▶ [AVAILABLE DATA]
____
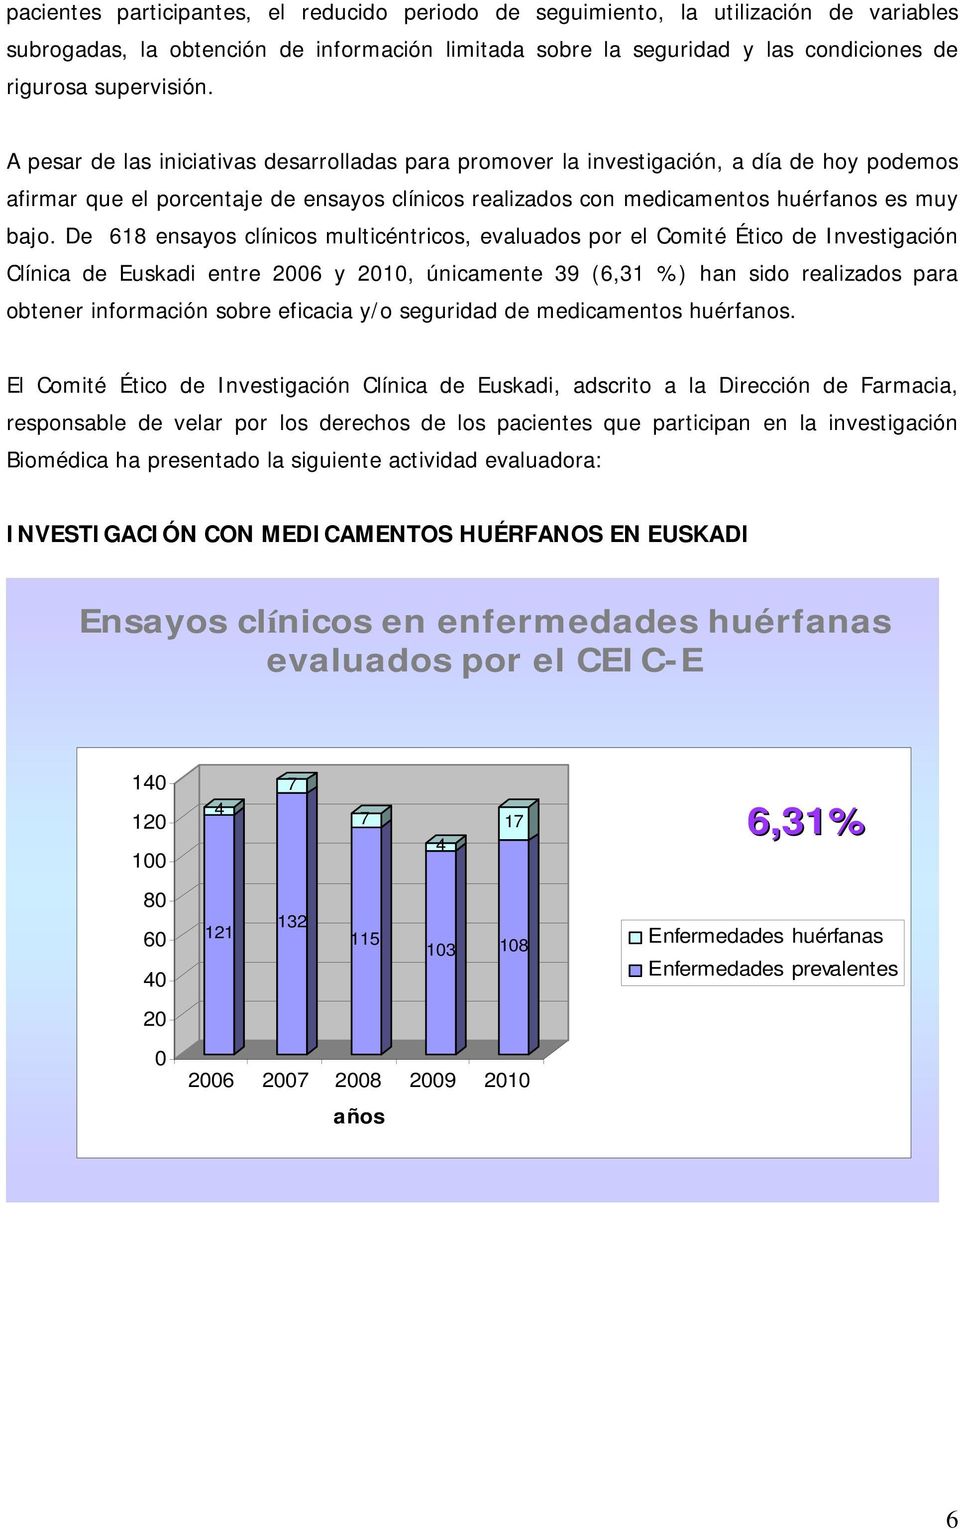 De 618 ensayos clínicos multicéntricos, evaluados por el Comité Ético de Investigación Clínica de Euskadi entre 2006 y 2010, únicamente 9 (6,1 %) han sido realizados para obtener información sobre
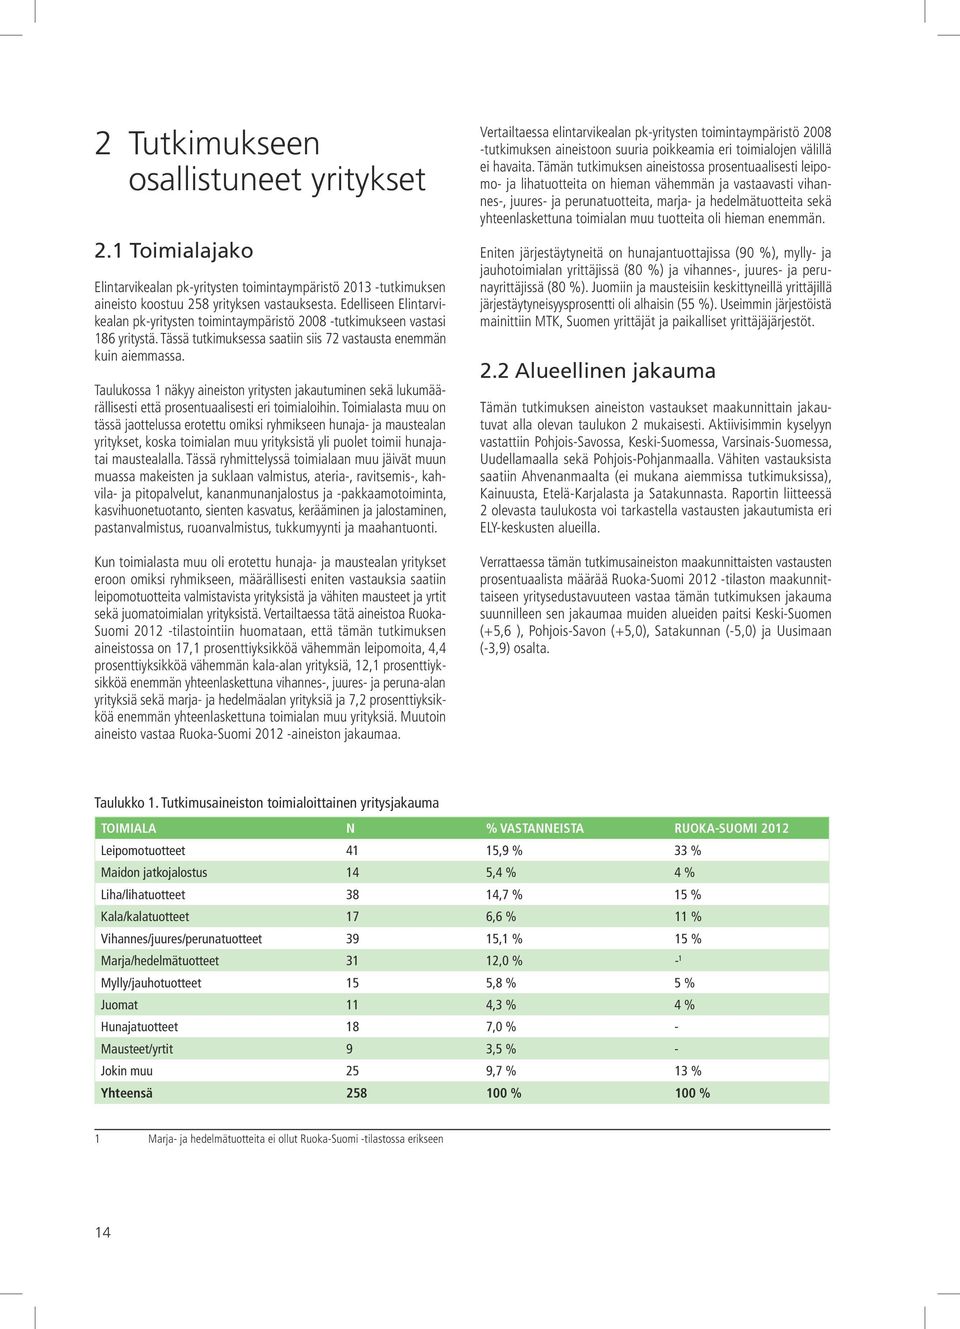 Taulukossa 1 näkyy aineiston yritysten jakautuminen sekä lukumäärällisesti että prosentuaalisesti eri toimialoihin.
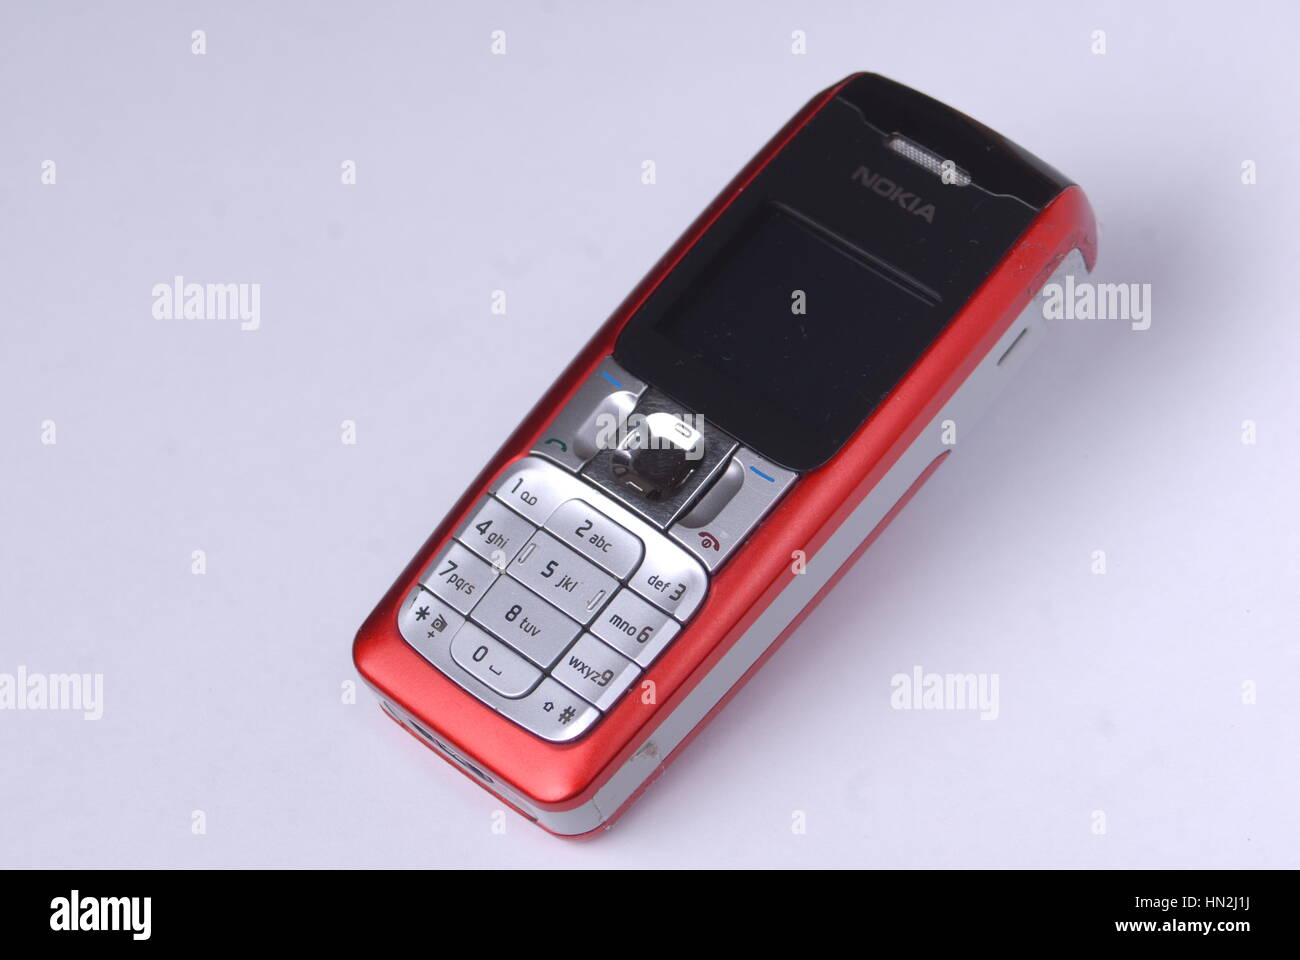 Red Nokia Mobiltelefon auf weißem Hintergrund Stockfoto
____
▶ [WORK TASK] Reproduce word for word the lines running from the line with "Taulukossa 1 näkyy" through the end of the data, both included, and nothing else; leave out the pictures.

▶ [SOLUTION]
 Taulukossa 1 näkyy aineiston yritysten jakautuminen sekä lukumäärällisesti että prosentuaalisesti eri toimialoihin.
 Red Nokia Mobiltelefon auf weißem Hintergrund Stockfoto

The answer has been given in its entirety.